This configuration option will have no effect in v1.3. Only use if required.
A boolean value to explicitly disable any REST API calls. This extension has the
ability to publish using either Confluence’s REST or XML-RPC API calls. When
publishing, this extension will first attempt to publish using REST and fallback
to using XML-RPC. If the target Confluence instance cannot use REST for
publishing, it is recommended to set the option to True
to always use
XML-RPC instead. By default, this option is set to False
.
confluence_disable_rest = False
confluence_disable_ssl_validation¶
Warning
It is not recommended to use this option.

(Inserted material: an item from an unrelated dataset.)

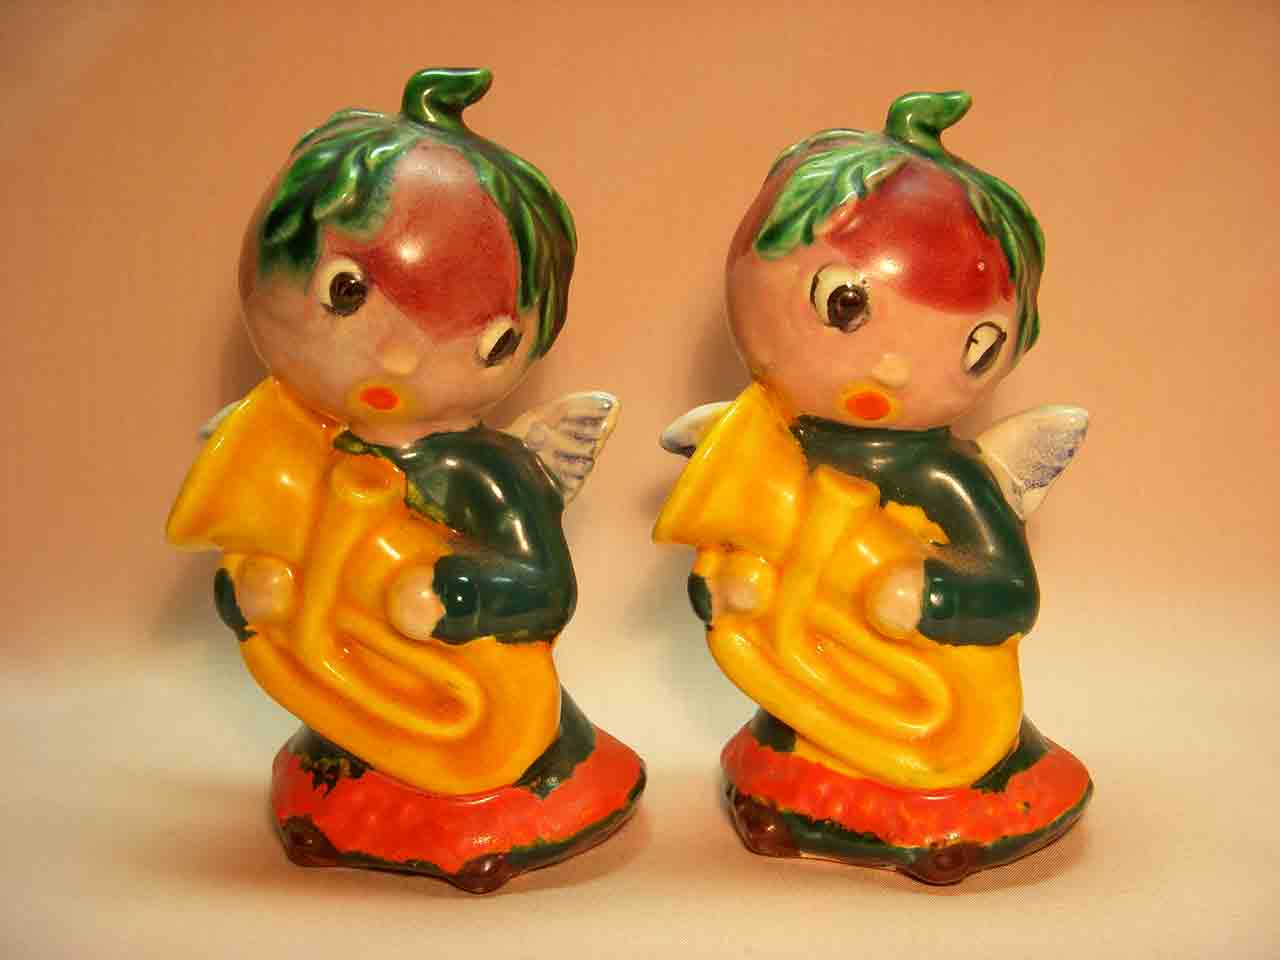 Anthropomorphic beets playing tuba - Heavenly Music series - salt and pepper shakers

A boolean value to explicitly disable verification of server SSL certificates
when making a publish request. By default, this option is set to False
.
confluence_disable_ssl_validation = False
confluence_disable_xmlrpc¶
Deprecated since version 1.2: XML-RPC API has been deprecated by Atlassian as well as in this extension. XML-RPC API support will be removed from this extension in v1.3.
A boolean value to explicitly disable any XML-RPC API calls. This extension has
the ability to publish using either Confluence’s REST or XML-RPC API calls. When
publishing, this extension will first attempt to publish using REST and fallback
to using XML-RPC. If the target Confluence instance supports REST or has XML-RPC
explicitly disabled, it is recommended to set this option to True
. By
default, this option is set to False
.
confluence_disable_xmlrpc = False
confluence_parent_page_id_check¶
The page identifier check for confluence_parent_page
. By providing an
identifier of the parent page, both the parent page’s name and identifier must
match before this extension will publish any content to a Confluence instance.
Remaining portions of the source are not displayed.